___ Given data ___

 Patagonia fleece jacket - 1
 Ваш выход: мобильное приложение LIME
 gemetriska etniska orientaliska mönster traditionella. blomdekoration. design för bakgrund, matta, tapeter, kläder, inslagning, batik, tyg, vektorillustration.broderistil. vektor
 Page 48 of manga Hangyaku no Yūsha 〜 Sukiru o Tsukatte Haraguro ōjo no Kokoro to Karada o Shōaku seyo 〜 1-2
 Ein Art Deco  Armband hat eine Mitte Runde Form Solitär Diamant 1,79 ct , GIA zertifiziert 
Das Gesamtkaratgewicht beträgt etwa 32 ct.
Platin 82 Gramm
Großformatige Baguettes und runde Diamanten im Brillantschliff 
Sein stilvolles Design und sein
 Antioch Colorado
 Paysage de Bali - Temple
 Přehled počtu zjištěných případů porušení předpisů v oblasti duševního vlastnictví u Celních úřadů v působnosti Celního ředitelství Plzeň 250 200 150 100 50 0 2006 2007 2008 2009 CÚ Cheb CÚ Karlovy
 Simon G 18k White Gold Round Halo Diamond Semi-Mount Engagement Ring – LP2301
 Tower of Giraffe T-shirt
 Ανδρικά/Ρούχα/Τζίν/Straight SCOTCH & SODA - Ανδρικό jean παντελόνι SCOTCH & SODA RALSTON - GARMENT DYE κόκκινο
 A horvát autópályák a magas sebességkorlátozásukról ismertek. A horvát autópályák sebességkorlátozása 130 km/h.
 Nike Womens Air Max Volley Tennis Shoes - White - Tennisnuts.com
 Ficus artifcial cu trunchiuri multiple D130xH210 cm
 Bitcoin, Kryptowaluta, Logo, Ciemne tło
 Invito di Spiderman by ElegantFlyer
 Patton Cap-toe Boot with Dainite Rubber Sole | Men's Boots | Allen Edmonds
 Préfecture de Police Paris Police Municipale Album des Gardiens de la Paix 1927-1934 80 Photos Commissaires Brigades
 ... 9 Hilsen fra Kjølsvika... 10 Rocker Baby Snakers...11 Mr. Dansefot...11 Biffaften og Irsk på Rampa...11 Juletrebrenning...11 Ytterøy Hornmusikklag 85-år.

___

## Your objective
Collect every line above that contains the word "White".

## Answer section
 Simon G 18k White Gold Round Halo Diamond Semi-Mount Engagement Ring – LP2301
 Nike Womens Air Max Volley Tennis Shoes - White - Tennisnuts.com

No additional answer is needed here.